The Health and Human Services is allocating $220 million to 15 communities to pilot test the adoption of emerging health IT.
The awards are part of the American Recovery and Reinvestment Act funds totaling a $2 billion effort to promote the implementation of electronic health records by 2014.
Vice President Joe Biden said the selected communities are going to lead the way in bringing smarter, lower-cost health care to all Americans through use of electronic health records.
“Because of their early efforts, doctors across the country will one day be able to coordinate patient care with the stroke of a key or pull up life-saving health information instantly in an emergency – and for the residents of these communities, that future is about to become a reality,” Biden said.
Each so-called Beacon Community will use health IT resources in various ways to bring providers, federal programs and patients together to fins news ways of improving quality and efficiency to benefit patients and taxpayers. For example, Louisiana Public Health Institute in Louisiana will use the funds to reduce racial health disparities and improve control of diabetes and smoking cessation rates by linking technically isolated health systems, providers, and hospitals, while Delta Health Alliance Inc. in Mississippi will focus on improvements for diabetic patients by electronically linking isolated systems and practices for care management, medication therapy management and patient education.
The HHS predicts the Beacon projects to initially create dozens of new jobs in each community paying an average of $70,000 per year for a total of 1,100 jobs up-front, while speeding up the development of a nationwide health IT infrastructure that will eventually employ tens of thousands of Americans.

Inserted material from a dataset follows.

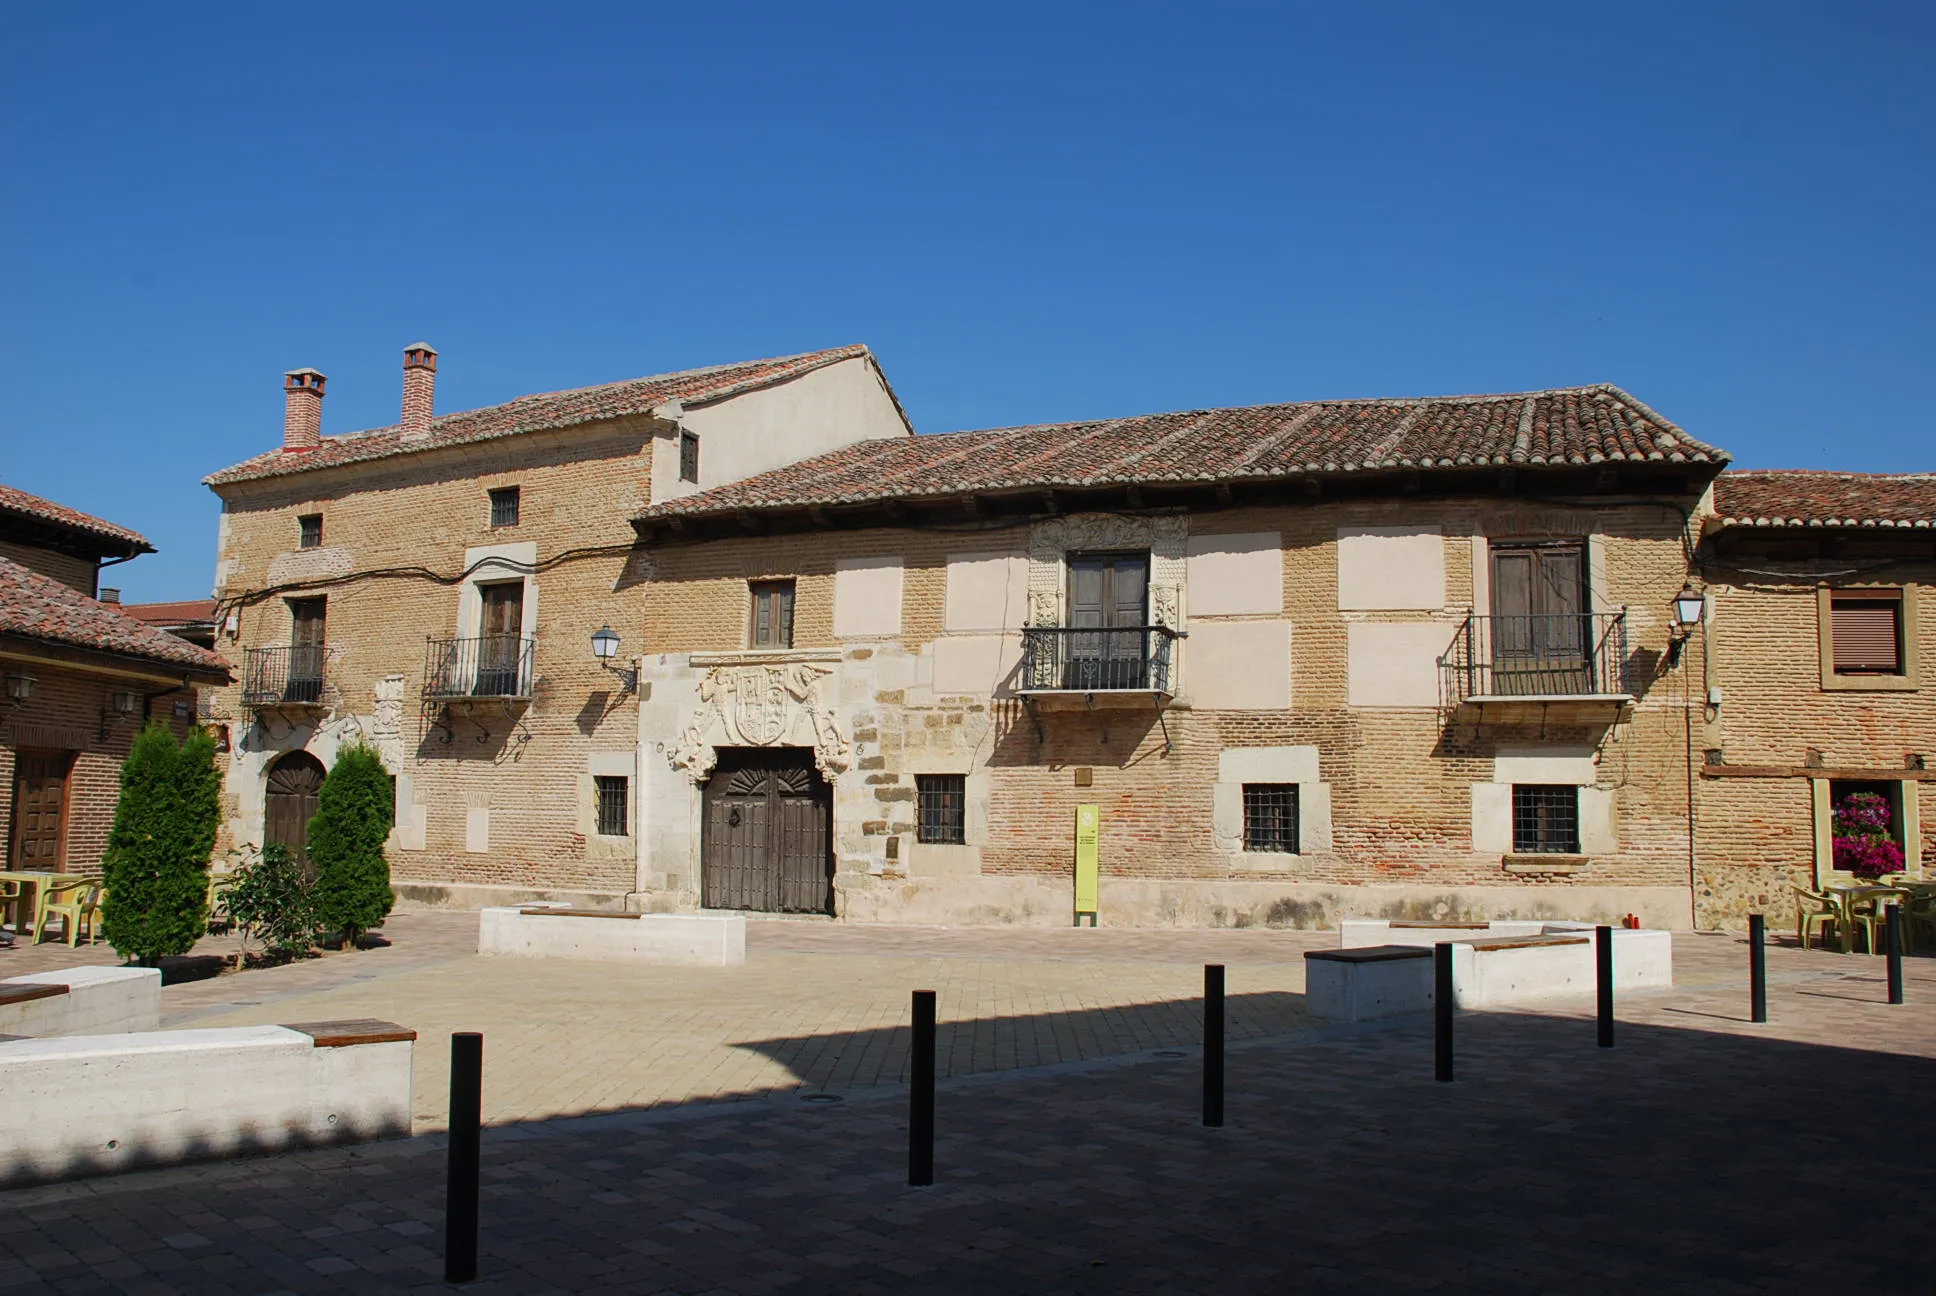 Photo showing: View of the Manor house of the Marquis de La Valdavia. Located in the plaza of the Marquis de la Valdavia in Saldaña (Palencia, Castile and León). It is one of the most interesting buildings in Saldaña, finding integrated by the union of two large stately homes in its day, two and three heights which today form a single House, owned by the current located the Marquis, Mr. Mariano Osorio Lamadrid. This is a set with continuous renovations to a common source around the 15th century - 16th, and strongly remodeled in the 17TH and 18th centuries. Example of the bold and plastic Spanish Renaissance architecture. Highlight their noble cover, shields as a bear claw hung on one of the beams of the roof, which legend says was hunted by an ancestor of the current Marquis.

Dr. David Blumenthal, national coordinator for health IT, said the communities will be expected to build on an existing infrastructure of interoperable health IT and standards-based information exchange to show the promise for health IT.
“The Beacon Communities will offer evidence that widespread adoption of health IT and exchange of health information is both feasible and improves care delivery and health outcomes,” Blumenthal said. “The lessons learned through the program will be a roadmap for other communities to achieve meaningful use on a community-wide basis.”